Through three starts, Ben Lively had experienced the worst results of the group, but he pitched very well Friday night and is showing some interesting signs in his second big-league season.

Lively allowed just one run to the Pirates over six innings, lowering the Phillies rotation's ERA to 2.67 since April 1. In just 19 games this season, the Phils have allowed one or no runs seven times already. Last season, it took 41 games just for them to do it once.

The Phils needed every bit of that run prevention in Friday's 2-1 win. Lively, Adam Morgan, Luis Garcia and Hector Neris shut the Pirates down, and Odubel Herrera tripled in Cesar Hernandez in the bottom of the eighth to untie the game and make the Phillies 12-7. 

They could have given Neris more breathing room, but with runners on the corners and one out in the eighth, both Rhys Hoskins and Herrera were caught stealing on the same play.

Lively has 21 strikeouts in 21 1/3 innings, a big surprise given his lack of whiffs in the minors and his rate of 5.3 strikeouts per nine in the majors last season.

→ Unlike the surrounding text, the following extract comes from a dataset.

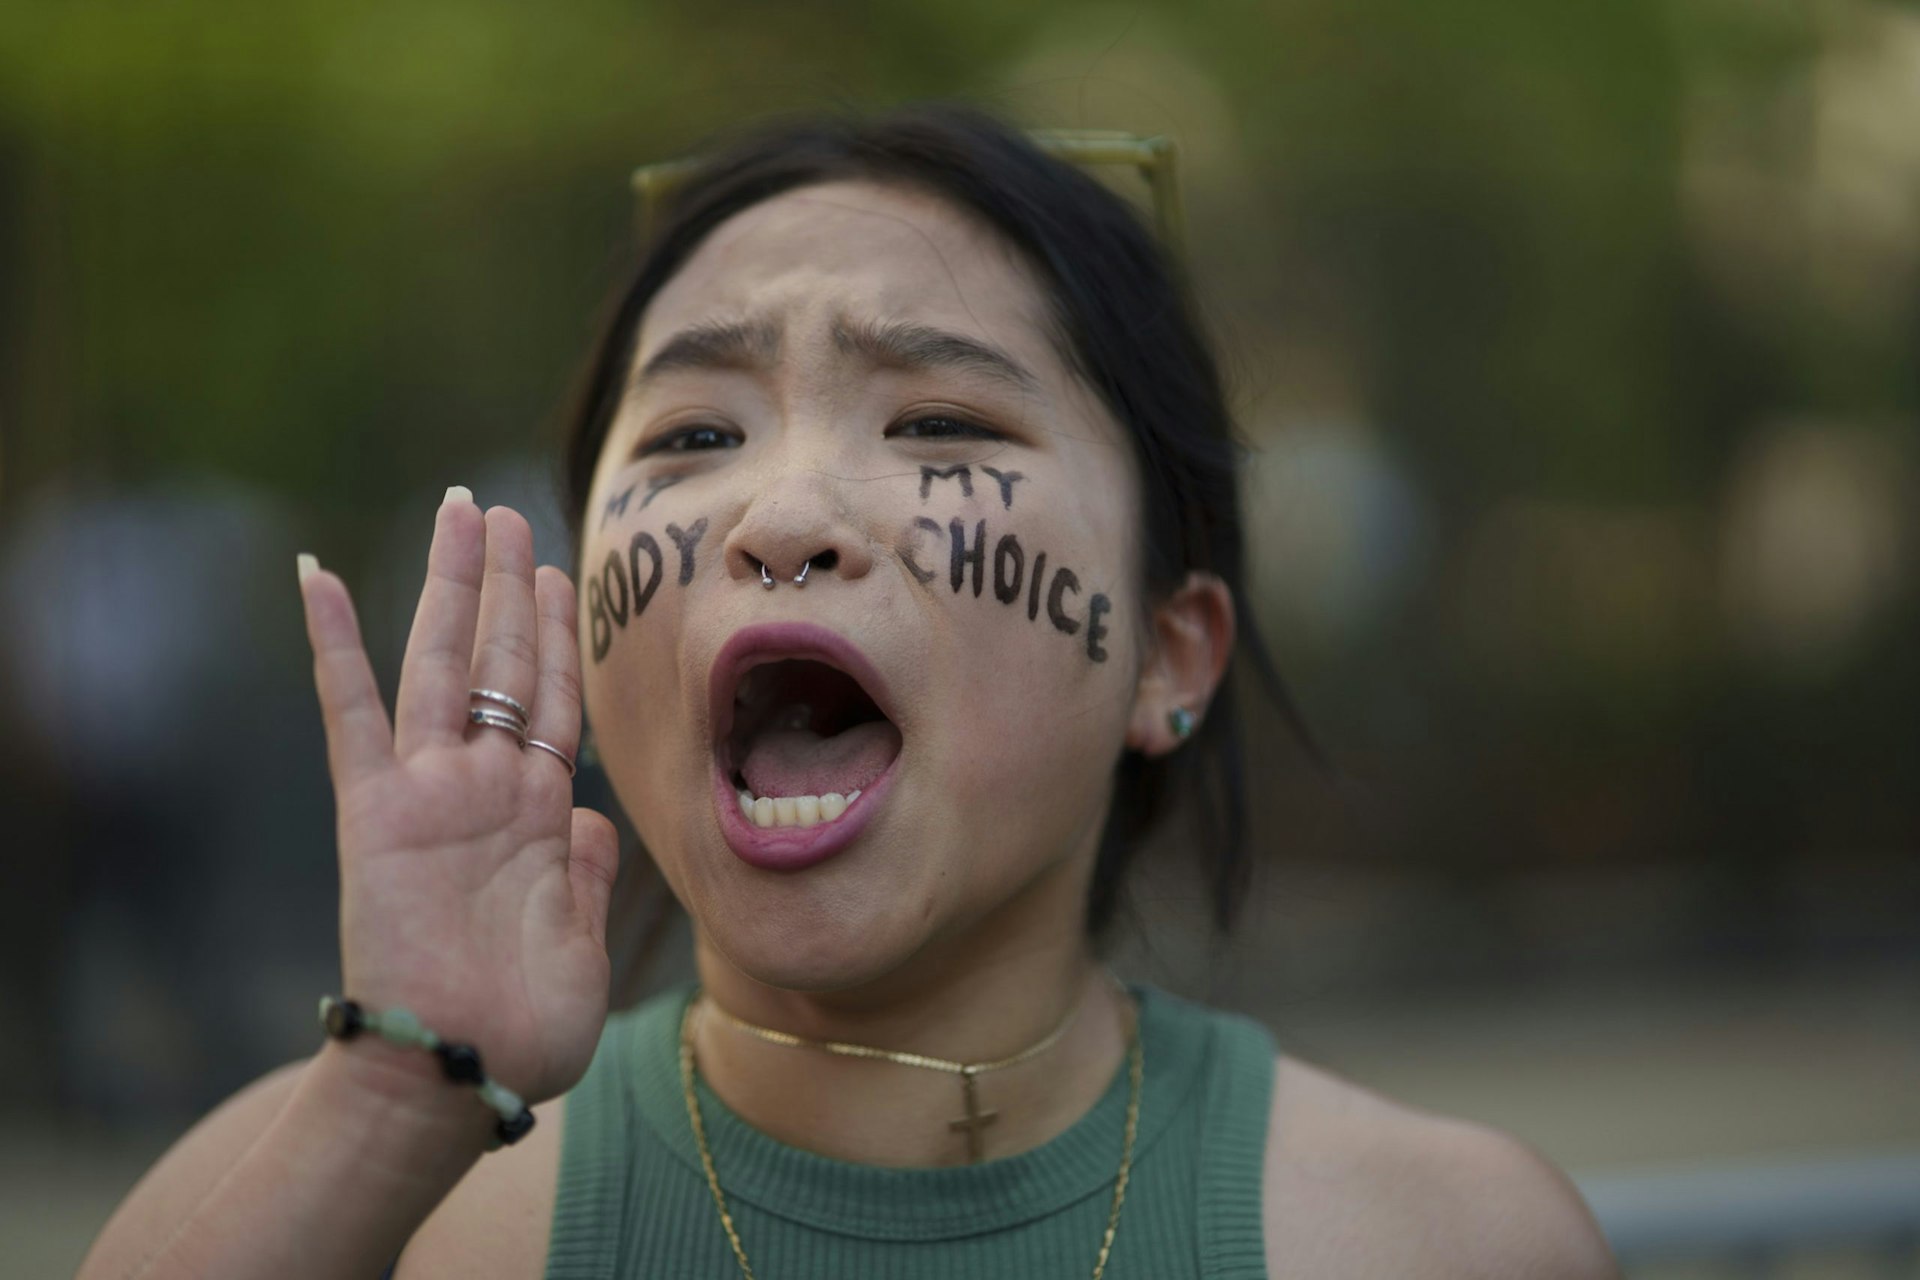 Photos capturing the abortion rights protests in Washington

As for the rest of the rotation:

• Aaron Nola, who owns the lowest hard-hit contact rate in all of baseball (17.7 percent) looks like one of the best dozen starting pitchers in either league. He also seems poised to reach an even higher level in his fourth season.

• Jake Arrieta showed Cy Young stuff Thursday against the Pirates (see story), and through three starts he's 2-0 with a 2.04 ERA and .180 opponents' batting average. That early-season concern over his lack of swings and misses? Arrieta generated 14 swinging strikes against the Bucs with 10 just against his sinker — the most against his sinker in 56 starts.

• Nick Pivetta and Vince Velasquez, the two wild cards entering the season, have combined for a 1.98 ERA and 0.88 WHIP with 38 strikeouts in 36 1/3 innings the last three cycles through the rotation.

"Wild card" is the operative term, because if that duo continues to pitch like this, the Phils will have a legit shot at one.

The strikeouts, the weak contact ... we're not dealing with smoke and mirrors here. We're seeing what happens when aces like Arrieta and Nola meet expectations and young guys like Pivetta and Velasquez execute with more consistency. If Lively can just give the Phils quality starts, look out.

And aside from Arrieta, the rest of the Phillies' rotation will earn just under $2.25 million this season combined. That may be the most important number of all.